• TASK INSTRUCTIONS: In the entries below, the lines from the one with "Married by lisa |" through the one with "527 WSA balcony" are to be copied exactly; both ends count.

• EXERCISE MATERIAL:

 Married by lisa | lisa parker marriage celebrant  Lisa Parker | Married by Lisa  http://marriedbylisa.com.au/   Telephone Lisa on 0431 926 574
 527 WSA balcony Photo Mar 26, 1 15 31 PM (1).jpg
--
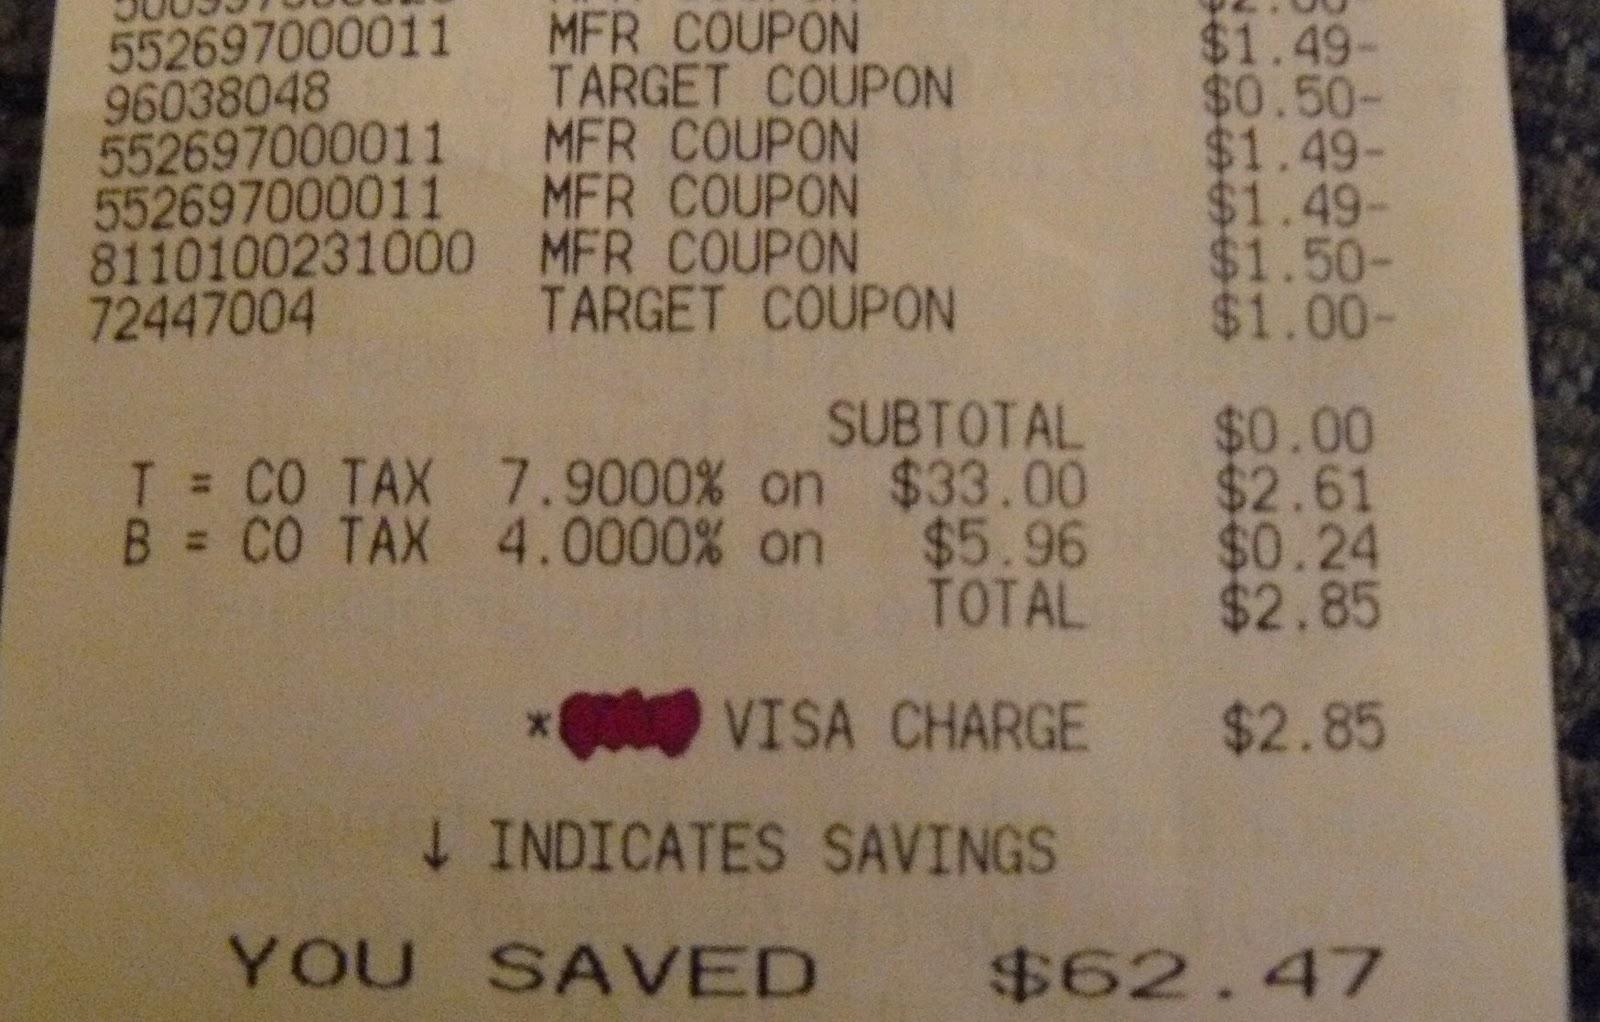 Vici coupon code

• TASK ANSWER:
 Married by lisa | lisa parker marriage celebrant  Lisa Parker | Married by Lisa  http://marriedbylisa.com.au/   Telephone Lisa on 0431 926 574
 527 WSA balcony Photo Mar 26, 1 15 31 PM (1).jpg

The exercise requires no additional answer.